I do each of those on cue, into the game, but only briefly. The bunny was a lot more interesting to me.

My dad noticed and nurtured my love for animals. He took me to pet stores to see the puppies and to the exotic cat show to see the Bengal cats. We spent a wonderful day at the San Diego Zoo, where Dad booked a backstage VIP experience so I could see all the animals up close and help the zookeepers with chores. My grandparents had a ranch, where I got to ride horses. Dad took me fishing and dirt biking and showed me how to handle the newborn chicks in the chicken coop. That’s when I felt closest to him. He and Mom were amazingly cool about my personal petting zoo of ferrets, rabbits, gerbils, cats, dogs, birds, snakes, guinea pigs, chinchillas, even a little monkey, and a baby goat that I kept next to the tennis court at Papa and Nanu’s.

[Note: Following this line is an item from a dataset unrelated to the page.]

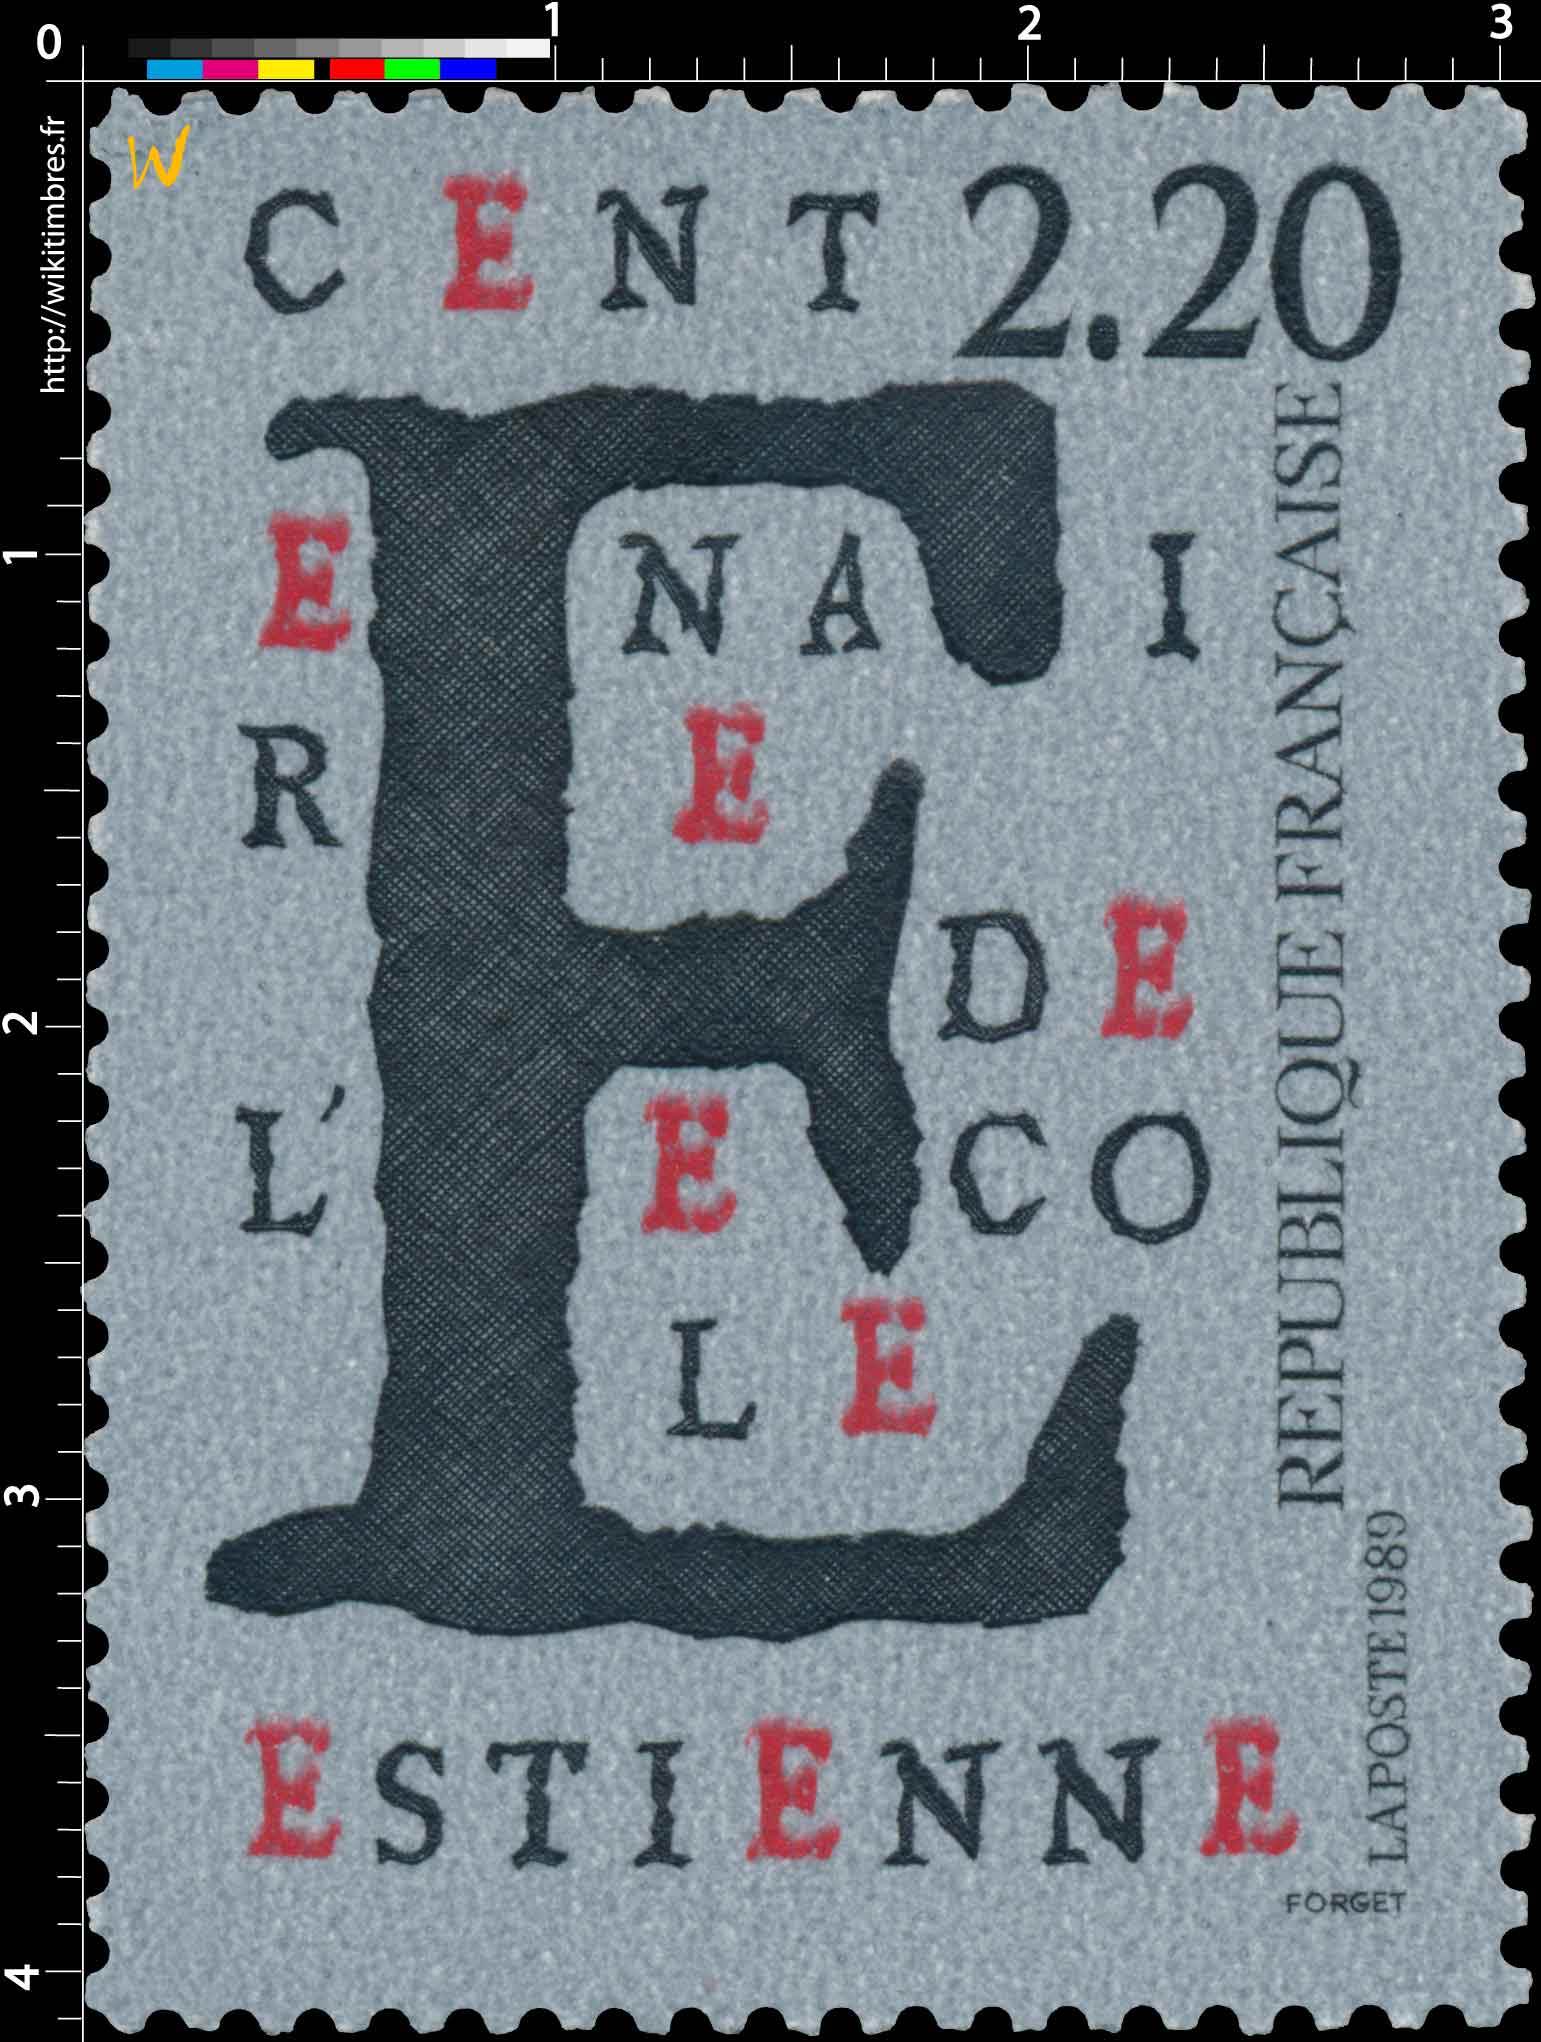 1989 CENTENAIRE DE L'ÉCOLE ESTIENNE

I had a whole community of rats named after all the people from 90210: Luke, Tori, Jason, Shannen, Brian, Ian, Jennie, Tiffani, and Gabrielle. Yeah, I know what you’re thinking—like rats?—but domesticated rats are actually very clean, sweet natured, and intelligent. I had a huge rat named Max who had enormous balls. One day when I was out in the yard cuddling Max, a ferret ran over to me, and poor Max screamed this bizarrely loud scream with his little rat mouth wide open, and then he bit me. I dropped him, and he ran off, waddling up the driveway as fast as he could with his weirdly large balls bouncing away. I started crying, not because I was hurt but because I thought I’d lost him.